In computing, a data warehouse appliance consists of an integrated set of servers, storage, operating system(s), DBMS and software specifically pre-installed and pre-optimized for data warehousing (DW). Alternatively, the term can also apply to similar software-only systems[1] — purportedly very easy to install on specific recommended hardware configurations or preconfigured as a complete system - a true appliance.[2][3]

DW appliances provide solutions for the mid-to-large volume data warehouse market, offering low-cost performance most commonly on data volumes in the terabyte to petabyte range.

Contents

Appliance technology

Most DW appliance vendors use massively parallel processing (MPP) architectures to provide high query performance and platform scalability. MPP architectures consist of independent processors or servers executing in parallel. Most MPP architectures implement a "shared-nothing architecture" where each server operates self-sufficiently and controls its own memory and disk. Shared-nothing architectures have a proven record[citation needed] for high scalability and little contention. DW appliances distribute data onto dedicated disk storage units connected to each server in the appliance. This distribution allows DW appliances to resolve a relational query by scanning data on each server in parallel. The divide-and-conquer approach delivers high performance and scales linearly as new servers are added into the architecture. Other DW appliance vendors use specialized hardware and advanced software, instead of MPP architectures. This approach is able to achieve MPP performance in a much smaller form factor.[4] The first vendor to market with a data warehouse appliance featuring specialized SQL hardware was Netezza in 2003 through leveraging FPGA technology as sophisticated projection and restriction filters, minimizing data movement and I/O within the system. Kickfire followed in 2008 with what they deem a dataflow "sql chip".[5][citation needed]
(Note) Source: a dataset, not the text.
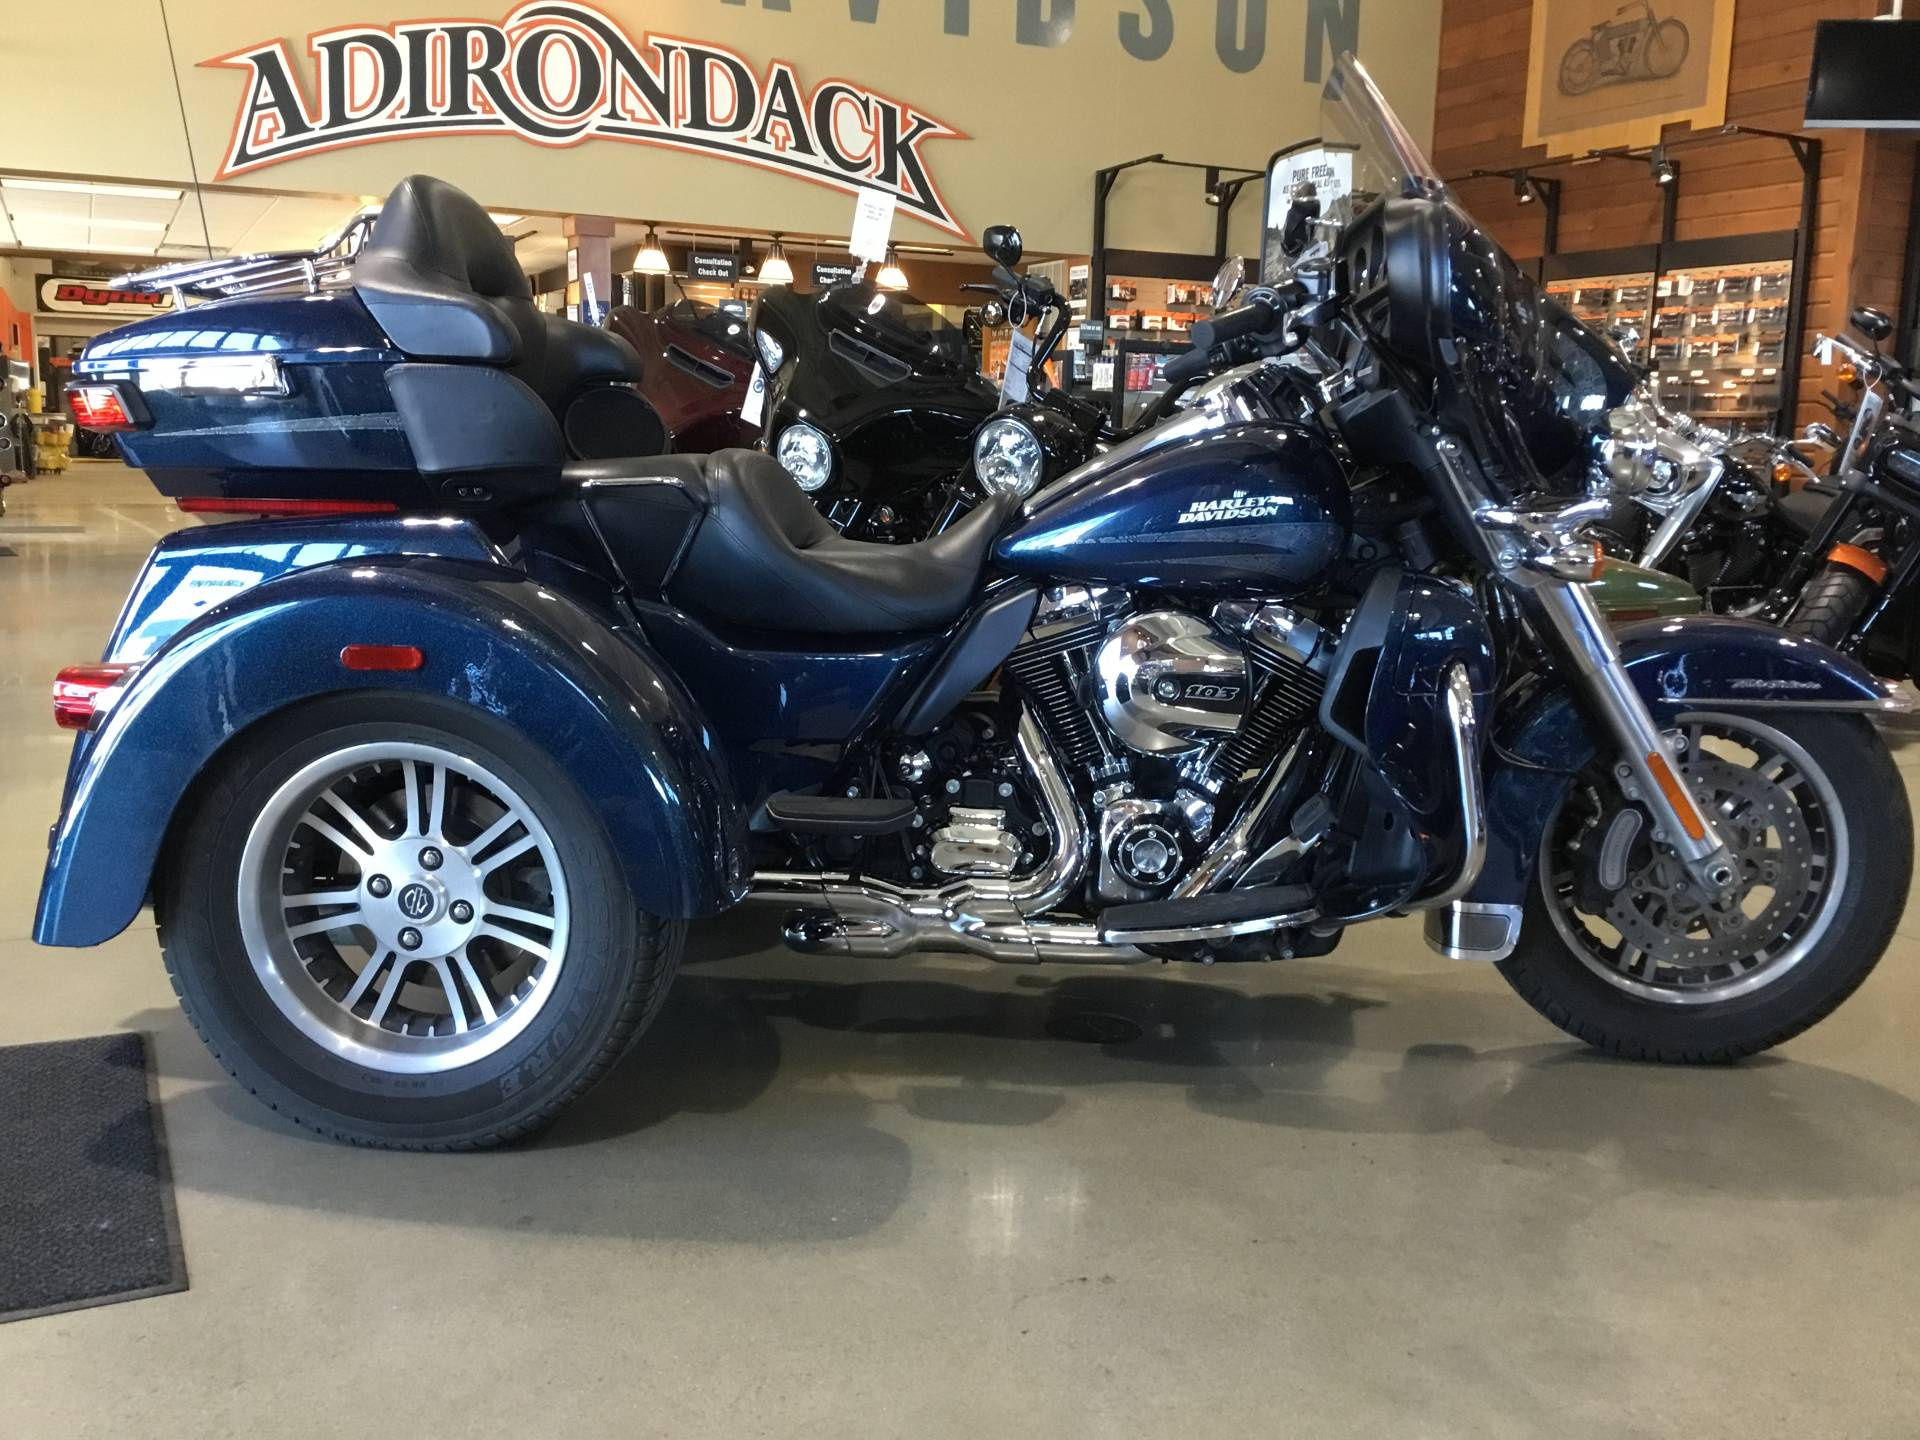 The 2016 Harley Davidson Tri Glide Ultra Provides Three: Used 2016 Harley-Davidson Tri Glide® Ultra Trikes In New

MPP database architectures have a long pedigree. Teradata, Tandem, Britton Lee, and Sequent offered MPP SQL-based architectures in the 1980s. Open source and commodity components have aided a re-emergence of MPP data warehouses. Advances in technology have reduced costs and improved performance in storage devices, multi-core CPUs and networking components. Open-source RDBMS products, such as Ingres and PostgreSQL, reduce software-license costs and allow DW-appliance vendors to focus on optimization rather than providing basic database functionality. Open-source Linux provides a stable, well-implemented operating system for DW appliances.

History

Some consider Teradata's initial product as the first DW appliance — or Britton-Lee's[6][7] (Note: Teradata acquired Britton Lee — renamed ShareBase — in June, 1990.[8]) Others disagree, considering appliances as a "disruptive technology" for Teradata[9] . Interest in the data warehouse appliance category is generally dated[by whom?] to the emergence of Netezza in the early 2000s.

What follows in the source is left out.